:: SUPPLIED INFORMATION ::

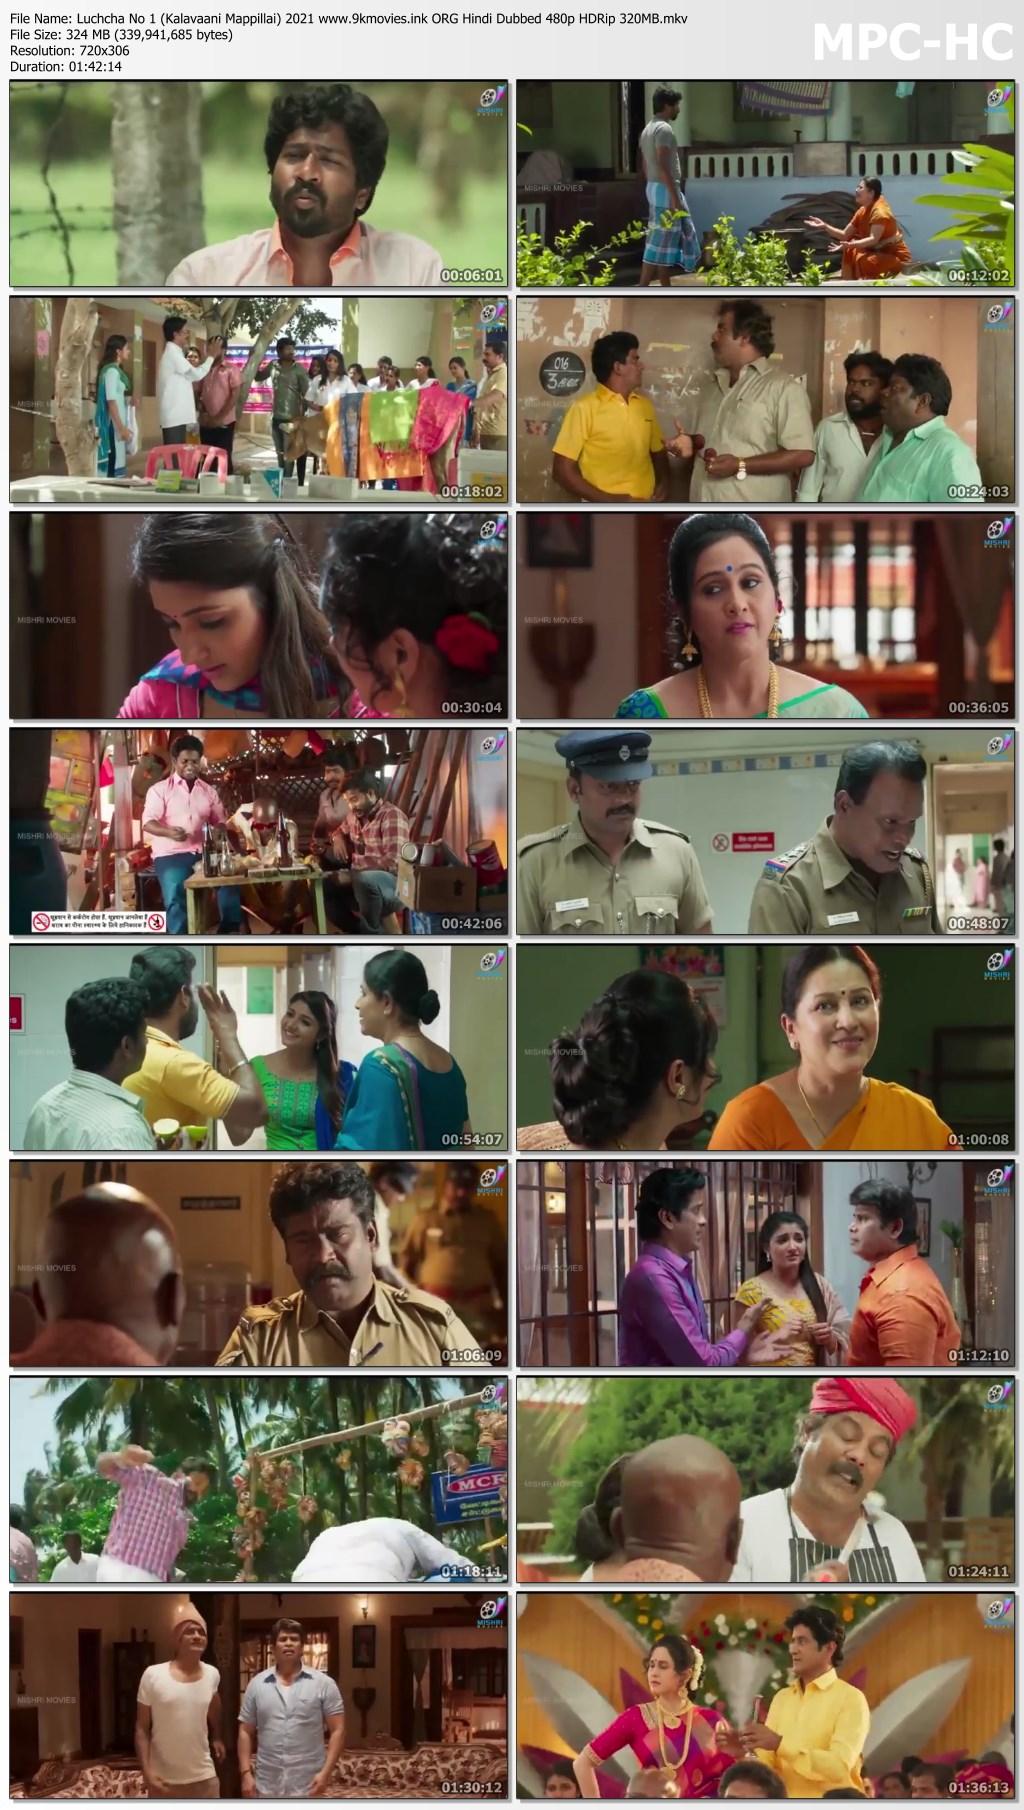 Luchcha No 1 (Kalavaani Mappillai) 2021 ORG Hindi Dubbed 480p HDRip 320MB Download
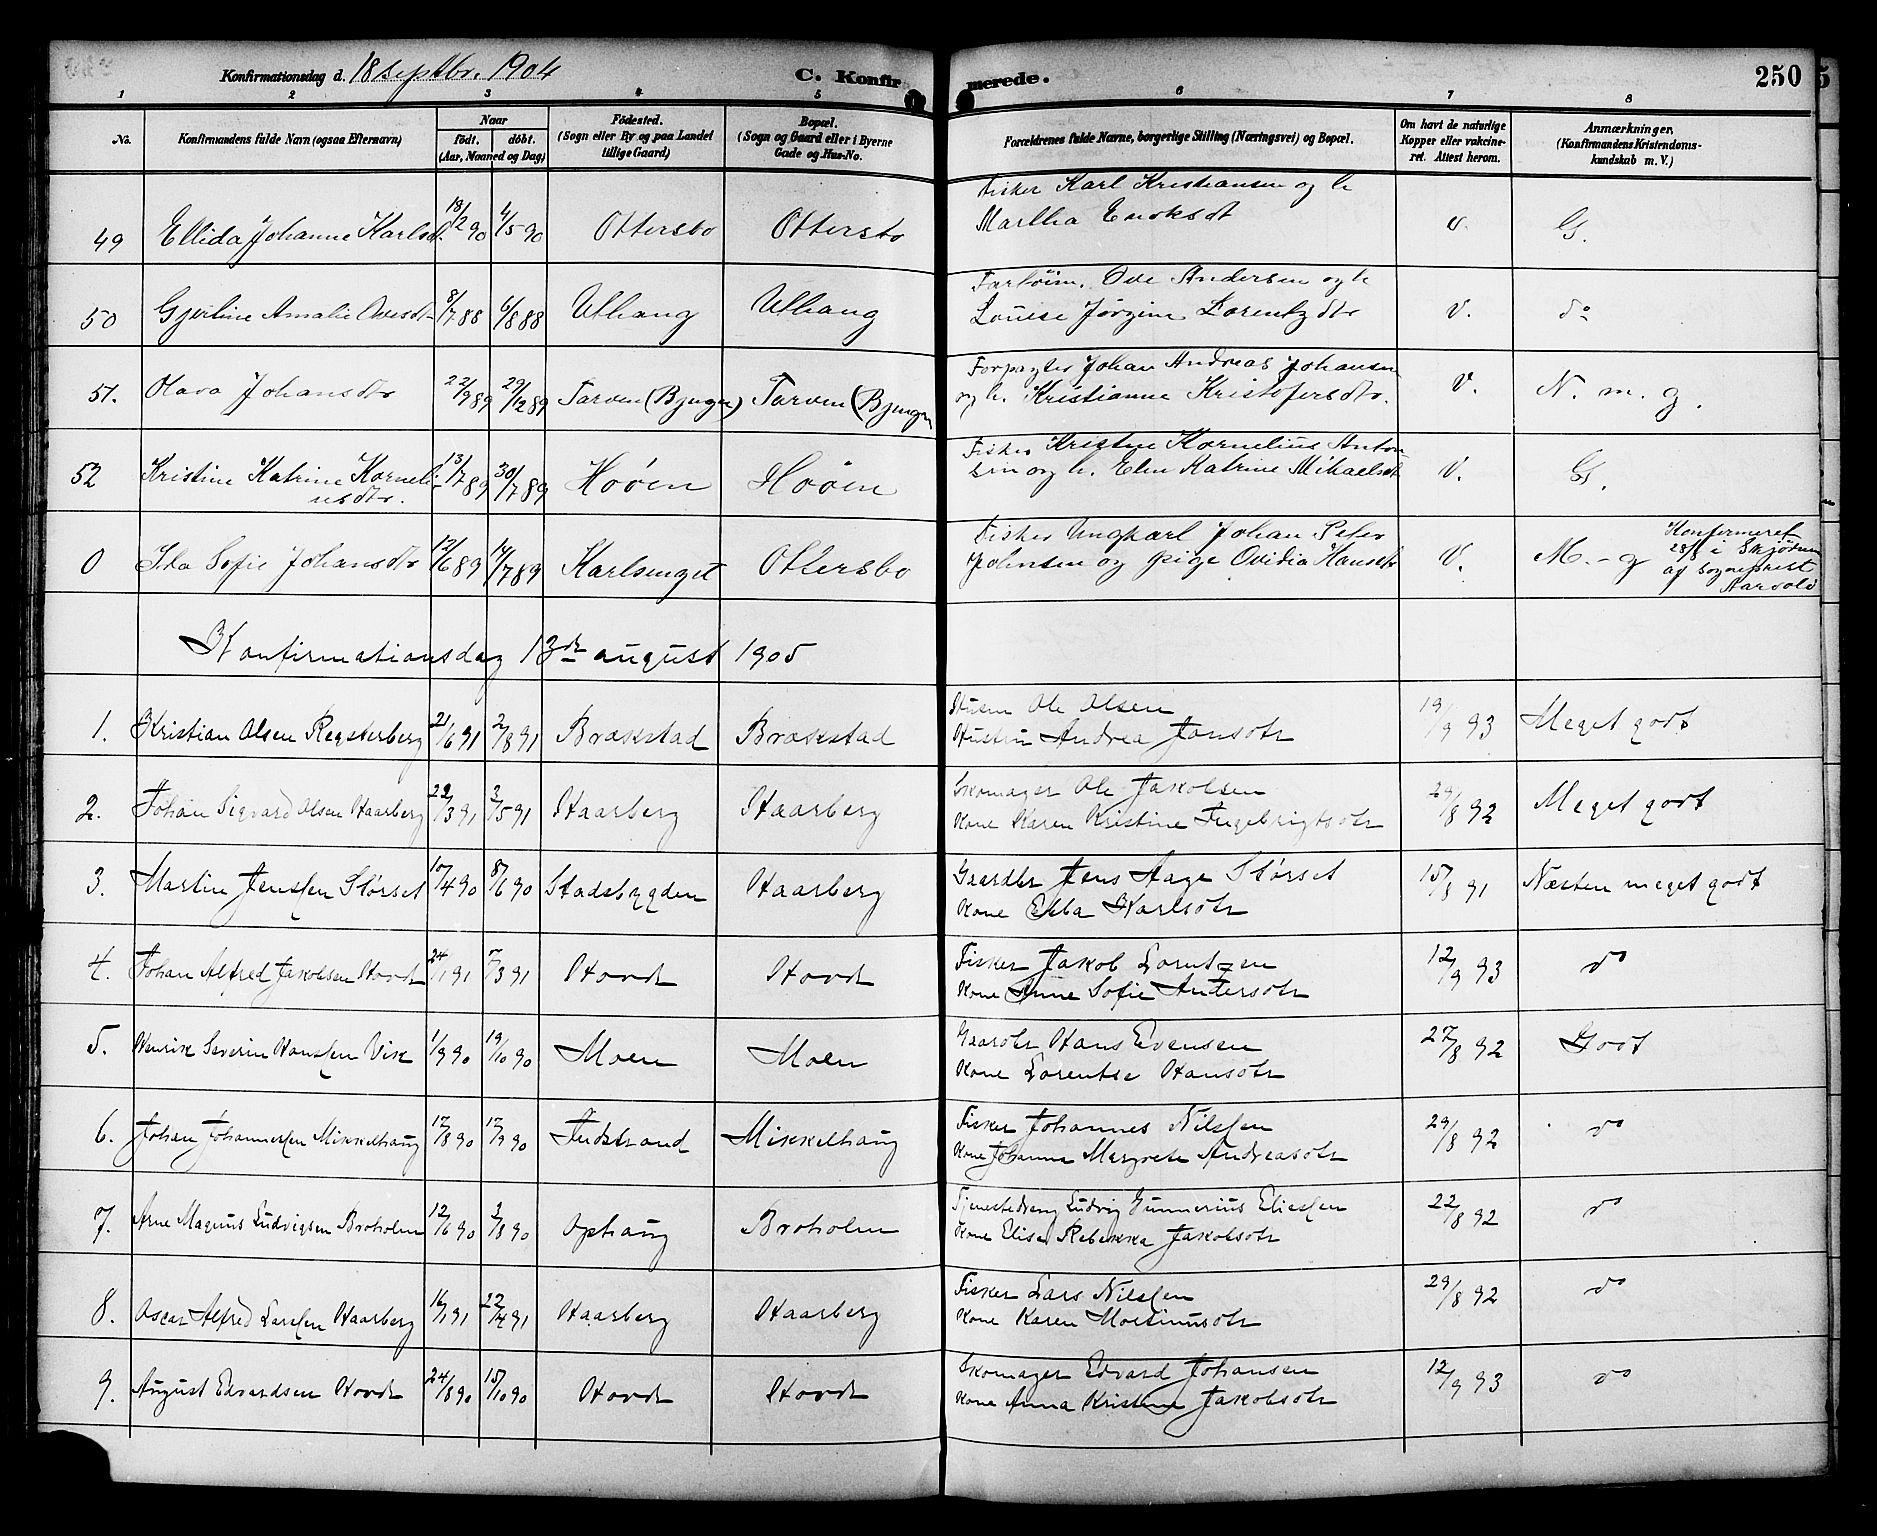 SAT, Ministerialprotokoller, klokkerbøker og fødselsregistre - Sør-Trøndelag, 659/L0746: Klokkerbok nr. 659C03, 1893-1912, s. 250
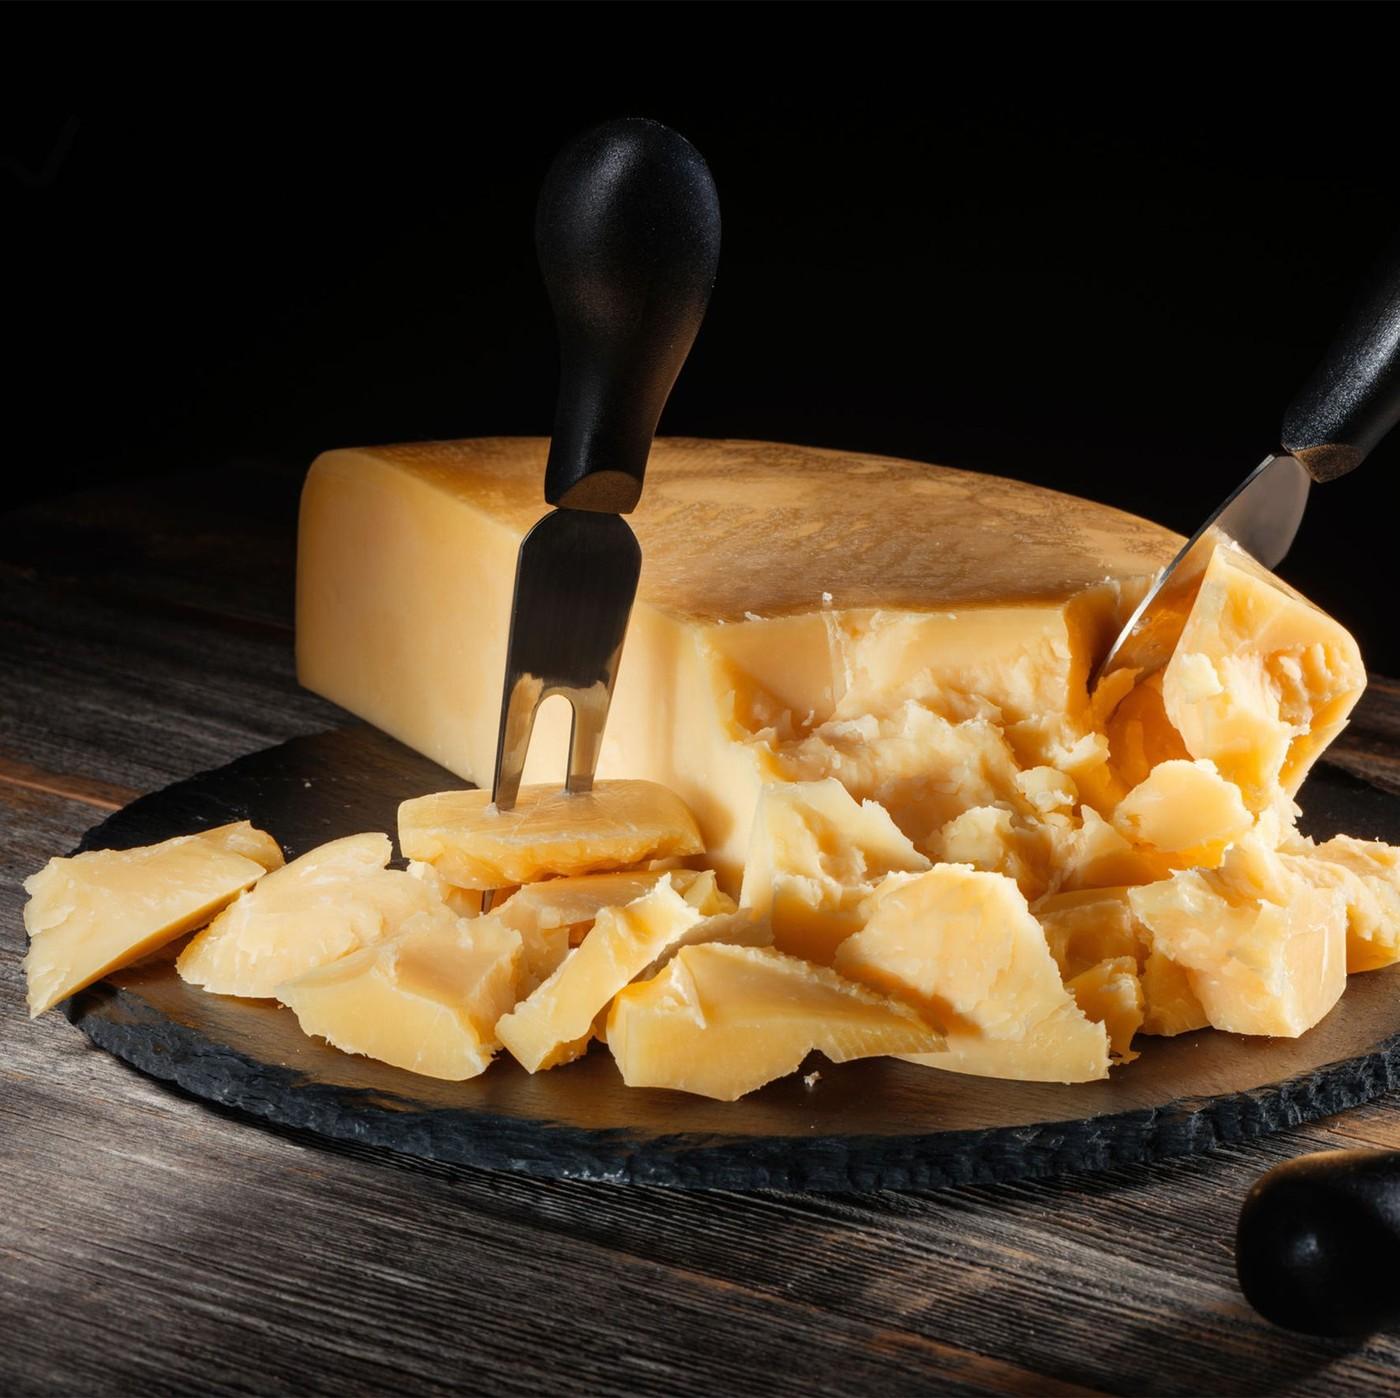 receta de Parmiggiano Regg. 1/2 For. Horizzontale 36m
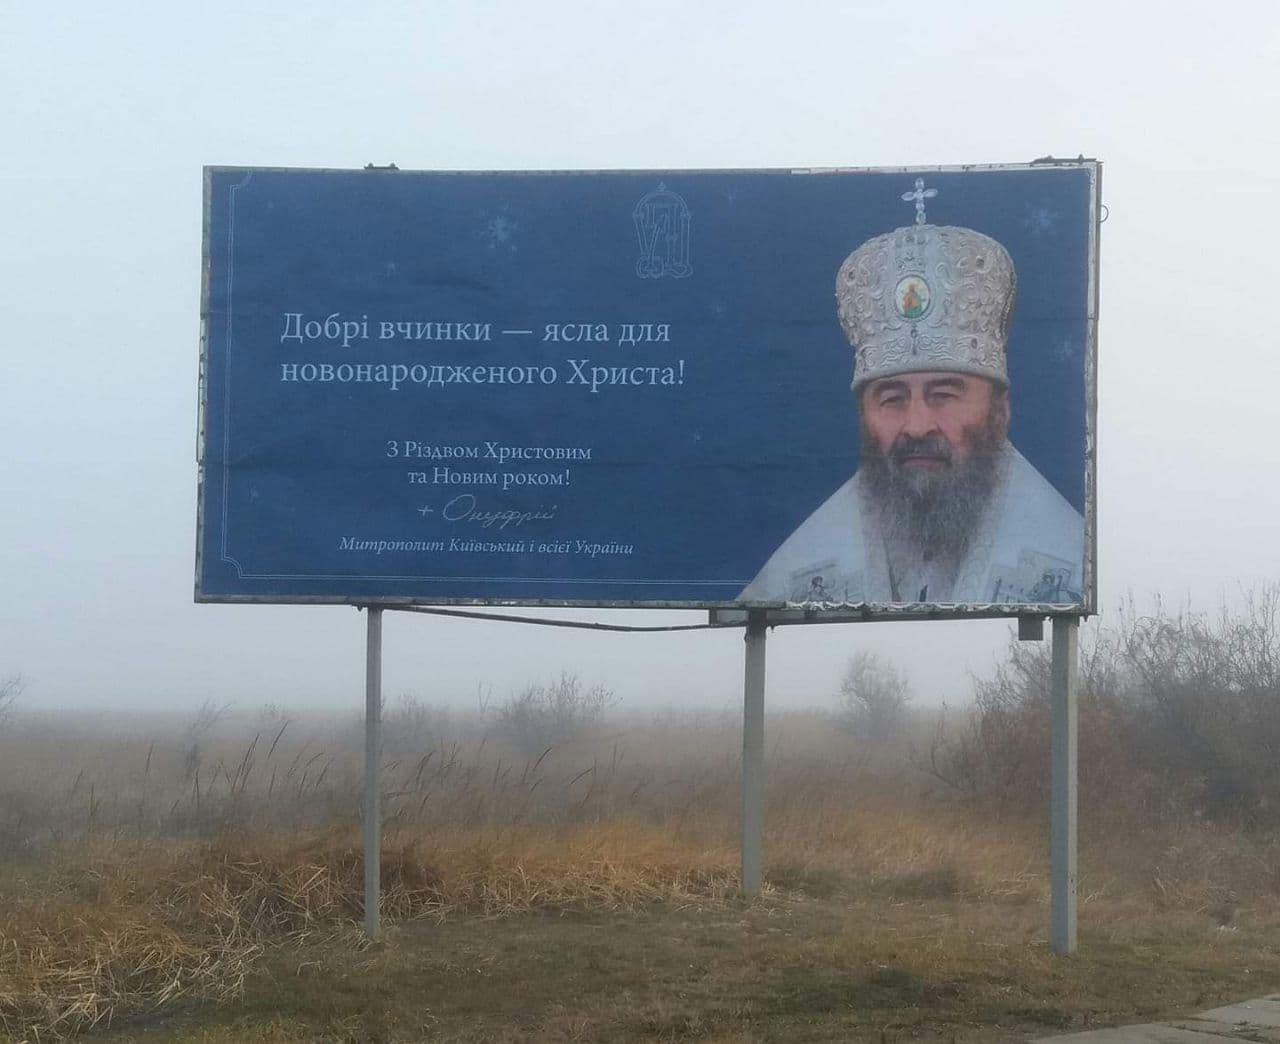 На вулицях з'явилися білборди з очільником РПЦ в Україні Онуфрієм

:::

**TASK GOAL**
Transcribe the data verbatim. No picture belongs in the result.

**TASK RESPONSE**
 Luchcha No 1 (Kalavaani Mappillai) 2021 ORG Hindi Dubbed 480p HDRip 320MB Download
 SAT, Ministerialprotokoller, klokkerbøker og fødselsregistre - Sør-Trøndelag, 659/L0746: Klokkerbok nr. 659C03, 1893-1912, s. 250
 receta de Parmiggiano Regg. 1/2 For. Horizzontale 36m
 На вулицях з'явилися білборди з очільником РПЦ в Україні Онуфрієм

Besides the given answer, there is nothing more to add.